# Are my Loaches Hyperactive?



## Thalamus (Jul 7, 2011)

*Are my Loaches Healthy?*

I'm new to the aquarium hobby in general, and I'm especially new to keeping fish (I'm more of an invertebrate guy), but recently, I decided to take the plunge and buy some loaches (weather/dojo loaches, I believe), partly to keep the sand in my aquarium well-mixed, and partly because when I saw them in the petstore, I loved the eel-ish way they slithered around. I bought three, and now I've had them for over twenty-four hours, so I think they've adjusted to the tank.

The thing that worries me slightly is that they never seem to stop moving. For the first twenty-four hours, I would only occasionally see one of them hanging around out of cover, but now, they've started squiggling around like mad all over the place, and it seems like they're constantly on the move. Is this normal loach behavior, or is there something wrong with their environment that they're trying to swim away from?


----------



## holly12 (Apr 21, 2011)

I've read that Weather Loaches can sense strong barometric changes - hence the name - and will go nuts..... any storms forecasted for your area? (Keep a lid on the tank, or they may jump).

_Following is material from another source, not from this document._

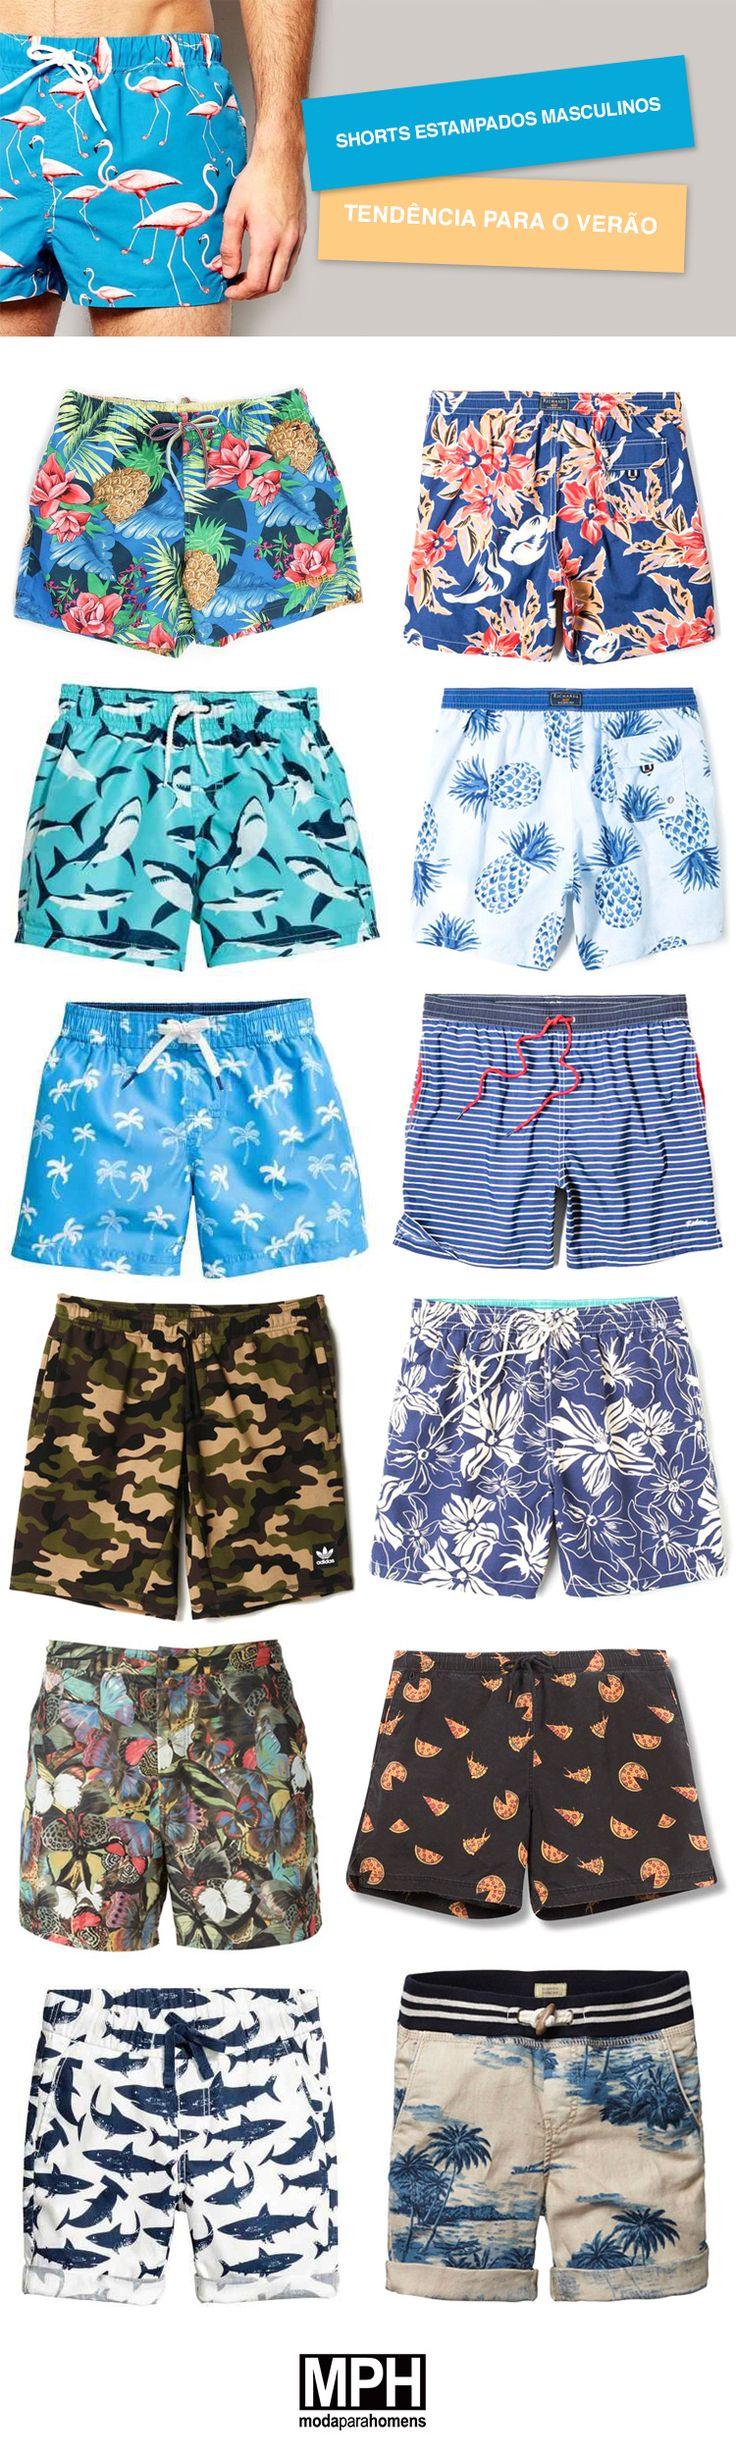 Shorts estampados masculinos, serão tendência nesse verão!

I've also read that they can at times just be very active.


----------



## Thalamus (Jul 7, 2011)

holly12 said:


> I've read that Weather Loaches can sense strong barometric changes - hence the name - and will go nuts..... any storms forecasted for your area? (Keep a lid on the tank, or they may jump).
> 
> I've also read that they can at times just be very active.


Well, it's summer here in North Carolina, so the weather is pretty unpredictable. That might've been what had them worked up, because this morning they've settled down.


----------



## majerah1 (Oct 29, 2010)

Agreed with Holly.
I am loving the summer storms myself,my fish are breeding like mad!


----------